Exhibit 165 appears to contain identical language, except that it does not specify a date by which Barnes is instructed to return to work:
In accordance with paragraph (64d) of the GM-UAW National Agreement, you are hereby instructed to report for work. Failure to report to work in accordance with this notice within five (5) working days after delivery or attempted delivery of this notice, whichever is first, may result in the loss of your seniority.
Exhibit 174 is a collection of sixteen letters from GM Labor Relations representatives to GM employees, containing the same Paragraph 64(d) language as Exhibit 165. The names of the recipients are redacted from Exhibit 174, and the dates of the letters vary. One letter is dated January 9, 2003, two of the letters are undated, and the remaining letters are dated between November 19, 2019, and August 12, 2020.
Barnes intends to offer the above exhibits to show that GM had a well-established practice of sending identical Paragraph 64(d) notices to its employees, including Barnes, but that GM deviated from that practice in terminating Barnes in September 2019. Exhibit 166, to which GM does not object, is a September 26, 2019 letter from GM Human Resources Representative Joyce Combs to Barnes, advising Barnes that his seniority has been broken pursuant Paragraph 64(d). The language in Exhibit 166 varies from the above language. Exhibit 166 states only:
You are hereby notified that your seniority has been broken effective September 13, 2019 pursuant to the provisions of Paragraph 64(d) of the GM-UAW National Agreement.
Barnes is correct that "[s]ignficant, unexplained, or systematic deviations from established policies or practices can no doubt be relative and probative circumstantial evidence of discriminatory intent." Hanners v. Trent, 674 F.3d 683, 694 (7th Cir. 2012). For that reason, the exhibits pertaining to GM's Paragraph 64(d) notices are relevant to Barnes' disability discrimination claim and are not, as GM contends, irrelevant because they relate solely to Barnes' pending union grievances.
However, the Court concludes that some of these exhibits should be excluded. Exhibit 161, the letter from Mr. Crane containing "sample" letters, is undated, so the Court cannot determine whether it is relevant to the established procedure identified by Barnes. Pages 3 and 4 of Exhibit 174 (marked PLTF0408 and 0409) are likewise undated. And Exhibit 162, the 1988 letter to Barnes, relates to Paragraph 64(c) of the National Agreement, not Paragraph 64(d).
GM's objections are sustained as to Exhibit 161, Exhibit 162, and pages 3-4 of Exhibit 174. GM's objections are overruled as to Exhibits 159-60, 163-65, and the remaining pages of 174. If GM believes these exhibits are inadmissible for another purpose, then GM may raise those arguments at trial, outside the presence of the jury.
3. Exhibit 175
Exhibit 175 are copies of the union grievances Barnes filed protesting his job reassignment and termination (Filing No. 74; Filing No. 98 at 10). Barnes contends his grievances are relevant for two reasons. First, Barnes argues the grievances support his claim that his job reassignment violated his seniority rights and was not a reasonable accommodation (Filing No. 98 at 10). However, the mere fact that Barnes filed union grievances does not support the merits of his disability discrimination claim. Second, Barnes argues that the grievances "provided an avenue" for Barnes to return to his original job assignment, "and the jury could conclude that Defendant discriminatorily terminated Plaintiff in order to assure that he would not return" to his original assignment. Id. Barnes' sworn testimony can confirm that he filed grievances and that those grievances could have resulted in him returning to his original job assignment. The grievances themselves only confirm that Barnes filed the grievances and therefore have little probative value.
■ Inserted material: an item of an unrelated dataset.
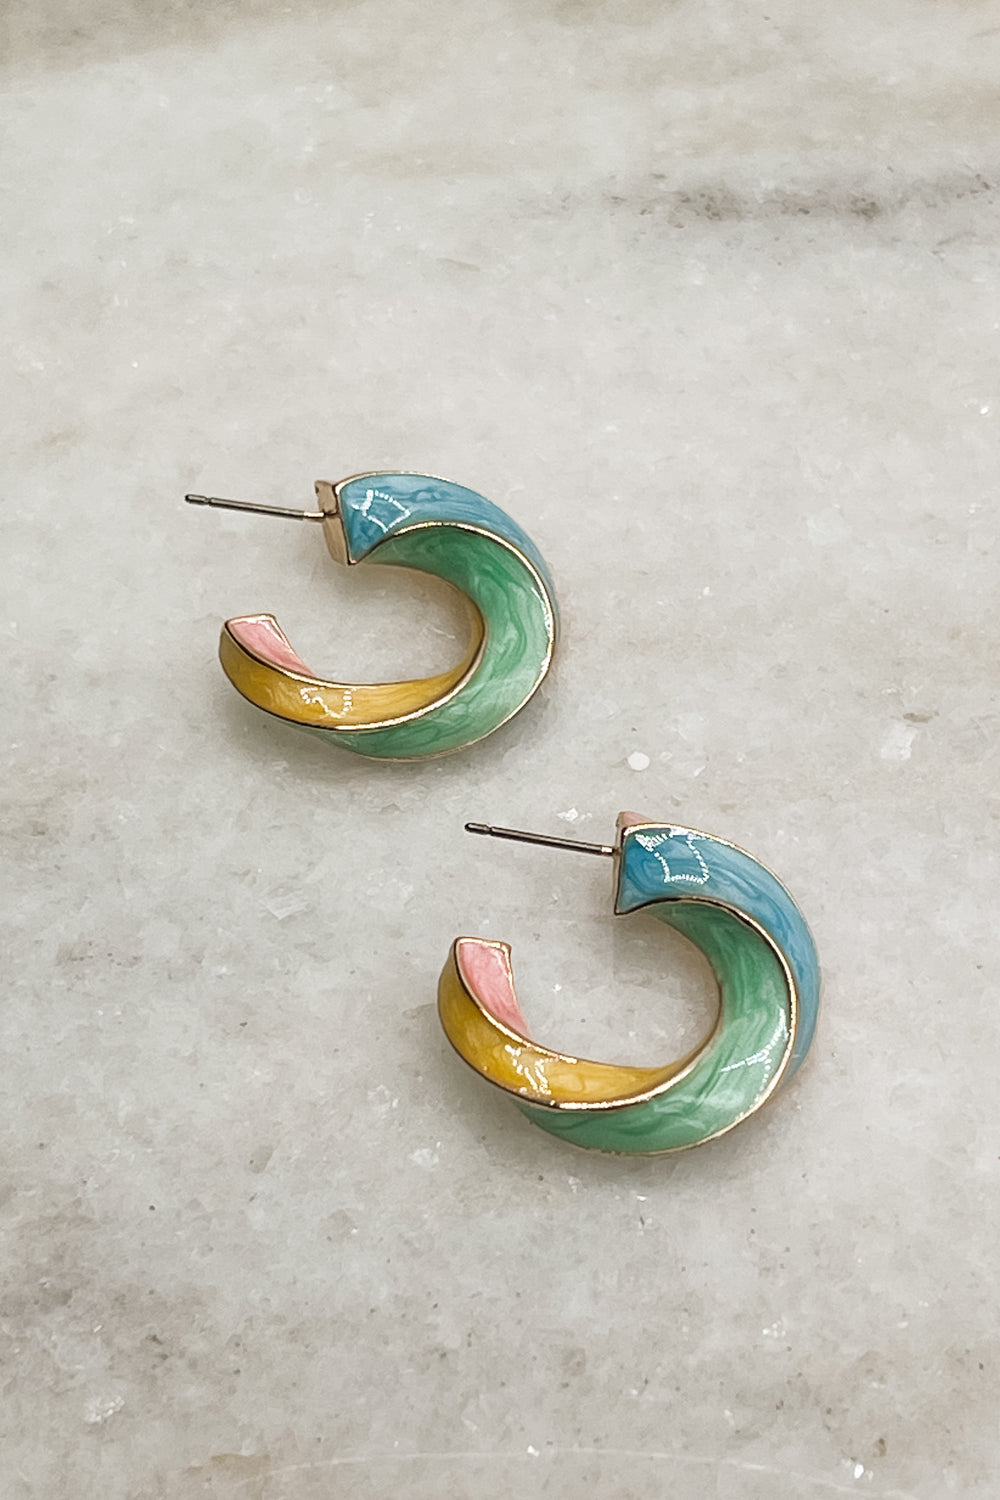 Earrings are shown on a neutral background. They are twisted hoops with blue, pink, yellow-orange, and green accents.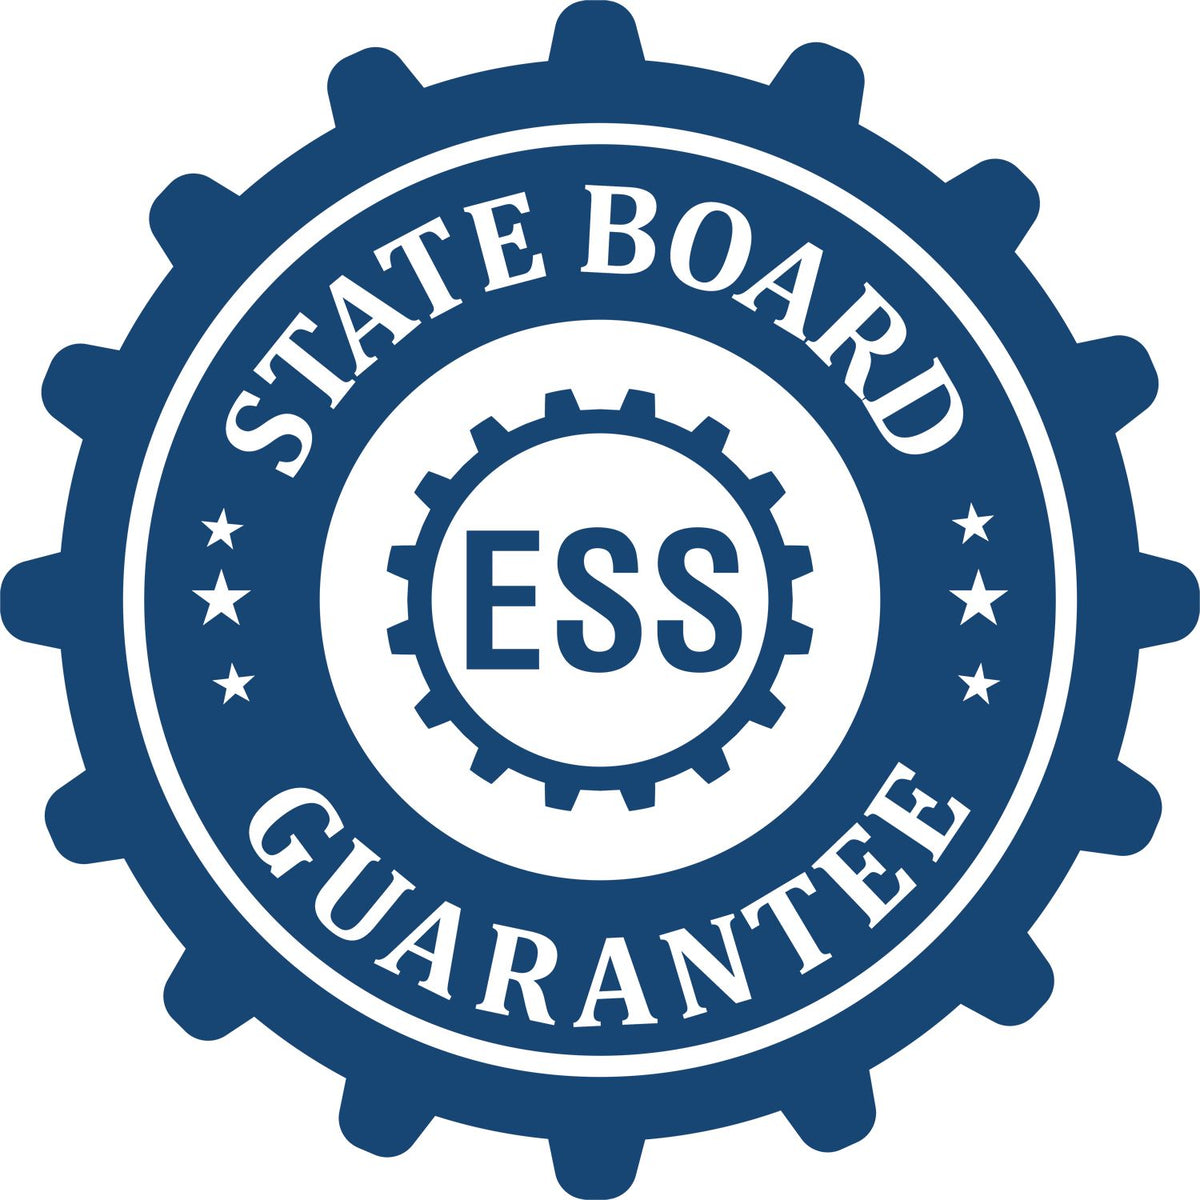 An emblem in a gear shape illustrating a state board guarantee for the State of Mississippi Extended Long Reach Geologist Seal

The risk of unfair prejudice and jury confusion substantially outweighs the probative value of Exhibit 175. The grievances contain hearsay statements from Barnes regarding GM's alleged discrimination and contain references to Barnes' claim for back pay, which the Court has already determined is inadmissible (Filing No. 95 at 9). Even with a limiting instruction, there is a risk that the jury will consider the truth of the matters asserted in Barnes' grievances, which would unfairly prejudice GM. Additionally, the jury may confuse the issues presented in Barnes' grievances with the issues they must resolve at trial. These risks substantially outweigh the very limited probative value of Exhibit 175. GM's objection to Exhibit 175 is sustained.
B. Exhibits Related to Barnes' Historical Medical Records (Exs. 101-18, 120, and 122)
GM next objects to Exhibits 101-18, 120, and 122, which relate to Barnes' medical history, dating back to 2004. GM argues that these historical medical records are "so far removed from the time period relevant to this litigation" that they are not relevant (Filing No. 99 at 3). GM also argues that these records are irrelevant to Barnes' present discrimination claim because Barnes' medical restrictions and his position with GM changed between 2004 and 2019. Id. at 4. Further, GM argues that even if the records were relevant, they would cause jury confusion and waste trial time. Id.
Barnes responds that these medical records recount the origin and progression of the impairment that allegedly led to his termination, so they are relevant to proving Barnes had a "disability" under the Americans with Disabilities Act Amendments Act ("ADAAA") 42 U.S.C. § 12102(1). The Court agrees with Barnes. Because the impairment Barnes developed in 2004 is the same impairment at issue in his disability discrimination claim, Barnes' medical records from 2004 and 2005 are highly relevant in proving whether Barnes had a "disability". Barnes' medical records between 2004 and 2019 regarding his alleged impairment also are relevant to proving whether Barnes had a "record of such an impairment" and/or whether Barnes was "regarded as having such an impairment" by GM. Id. Regardless of the time between the 2004 injury and 2019 termination, and regardless of the intervening job assignments and work restrictions, Barnes' injury in 2004 and his termination in 2019 are directly connected, and his historical medical records are therefore relevant.
Additionally, the Court does not find that the risk of jury confusion or time constraints warrants exclusion of this evidence, especially considering its high probative value. Because the issue of Barnes' "disability" is one of the most important issues in this case, time spent presenting evidence on that issue will not be time wasted. And any risk of jury confusion could be alleviated with limiting instructions regarding the purpose for which the jury should consider the medical records.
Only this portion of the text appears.